Pod względem finansowym i sportowym, Primera Division cały jest jest na topie. Wpływy z praw telewizyjnych nie są oczywiście tak duże jak w Anglii, jednak Hiszpania zajmuje mocne drugie miejsce. W porównaniu z poprzednimi latami zanotowano wzrost 15-procentowy. W sezonie 2016/17 kluby LaLigi Santander otrzymały kwotę 1,2 mld euro do podziału. Teraz ma być jeszcze lepiej.
Pod względem sportowym produkt broni się jeszcze bardziej niż finansowym. Kluby z Hiszpanii zdominowały najważniejsze rozgrywki w Europie. Ligę Mistrzów od 2014 roku wygrywają Barcelona i Real Madryt, a Liga Europy pozostaje w rękach Sevilli oraz Atletico Madryt (oprócz 2017 roku).
Pojawia się jednak wielki problem: exodus gwiazd, które co roku opuszczają rozgrywki.
El Clasico inne niż zawsze. Został tylko Messi
Najważniejszym produktem LaLigi jest El Clasico, czyli starcie Barcelony z Realem Madryt. To wydarzenie porównywalne jest do amerykańskiego SuperBowl i gromadzi miliony kibiców przed telewizorami. Nikogo nie dziwią już spotkania rozgrywane o godz 13. Dlaczego? Wszystko po to, aby mogło je obejrzeć jak najwięcej kibiców na całym świecie. Tak było w grudniu 2017 roku.
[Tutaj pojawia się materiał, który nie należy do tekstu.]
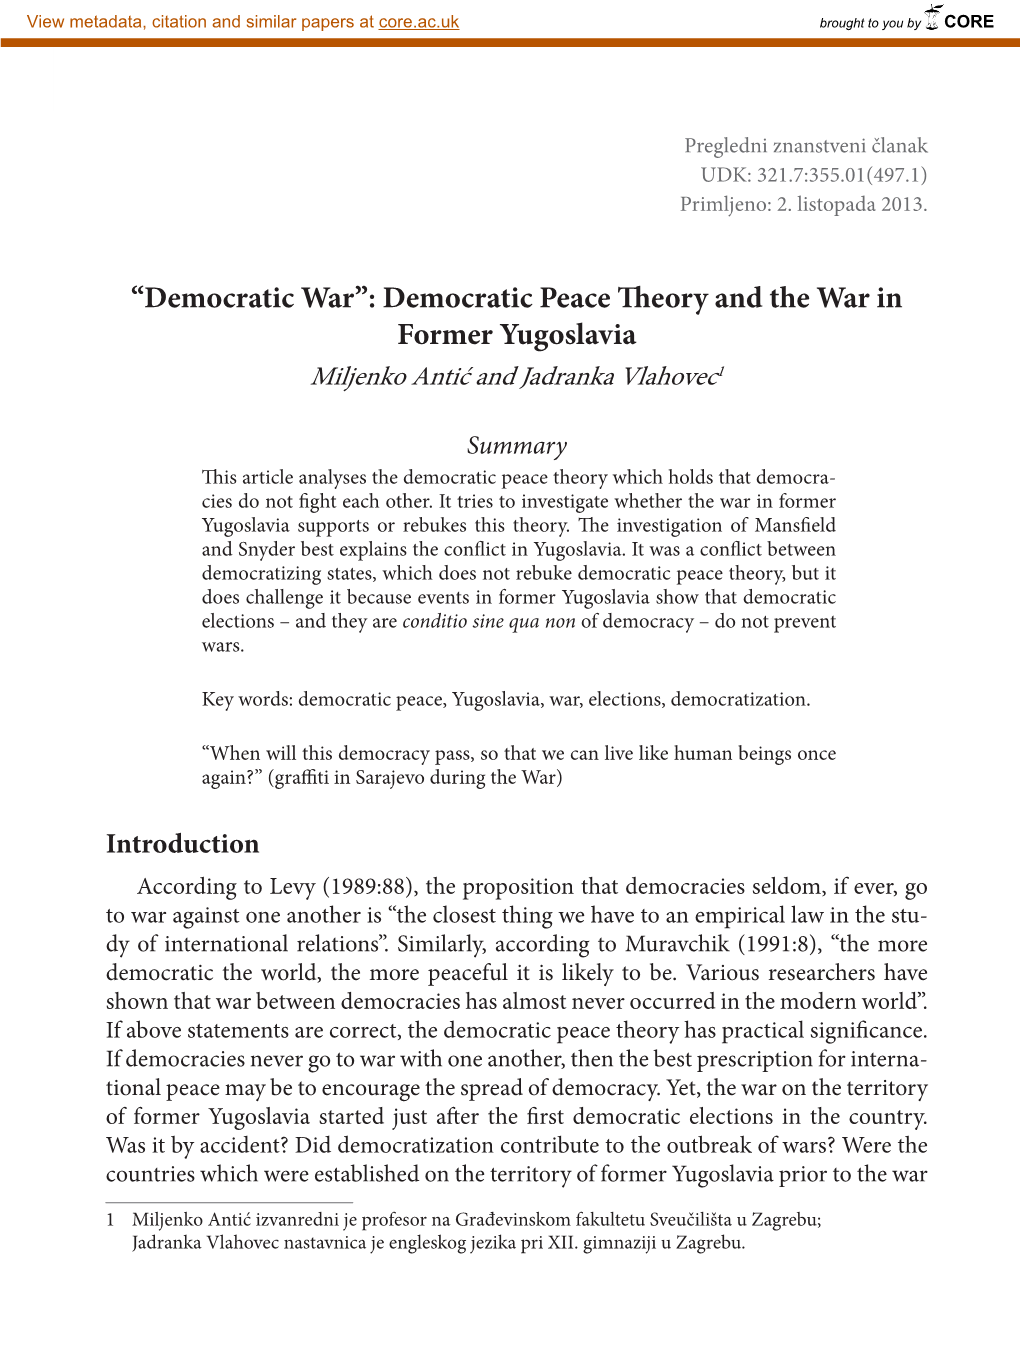 Democratic Peace Theory and the War in Former Yugoslavia Miljenko Antić and Jadranka Vlahovec1

Mimo iż na boisku biegali piłkarze warci łącznie miliard euro, to rywalizacja zawsze toczyła się między Cristiano Ronaldo a Leo Messim. To dwaj najlepsi piłkarze na świecie, a ich pojedynki napędzały niebotycznie ligę. Obaj również śrubowali swoje rekordy do granic wytrzymałości. W Primera Division Messi strzelił 383 bramek, a Portugalczyk 311.
LaLiga będzie miała problem. Na plakatach, promujących najważniejsze wydarzenie w Hiszpanii zawsze widnieli Messi i Ronaldo. Kim zastąpić CR 7, skoro Neymar i Kylian Mbappe Lottin zostają w Paryżu? Czy marka Roberta Lewandowskiego sprostałaby zadaniu? Ligę oraz sam Real Madryt czeka latem piekielnie trudne zadanie.
Podatki
Dlaczego wielcy piłkarze odchodzą z Hiszpanii? Cześć z nich chce zarobić jeszcze większe pieniądze na innych kontynentach, przede wszystkim w Azji. Cristiano Ronaldo z kolei mówił o nowym wyzwaniu, jednak jednym z powodów są problemy z podatkami.
Włoski urząd z pewnością będzie jego sprzymierzeńcem. Od 2017 roku prawo w Italii mówi, że osoba, która przebywa we Włoszech i nie mieszkała tam wcześniej przez co najmniej dziewięć lat, zapłaci maksymalnie 100 000 euro podatku dochodowego od całego przychodu. Chodzi głównie o nieruchomości czy wszystkie umowy sponsorskie. Taki przywilej dotyczy obcokrajowców przez 15 lat. Co najważniejsze, podatnika zwalnia się z płacenia podatków w kraju pochodzenia, a przed włoskim fiskusem nie musi ujawniać źródła dochodów.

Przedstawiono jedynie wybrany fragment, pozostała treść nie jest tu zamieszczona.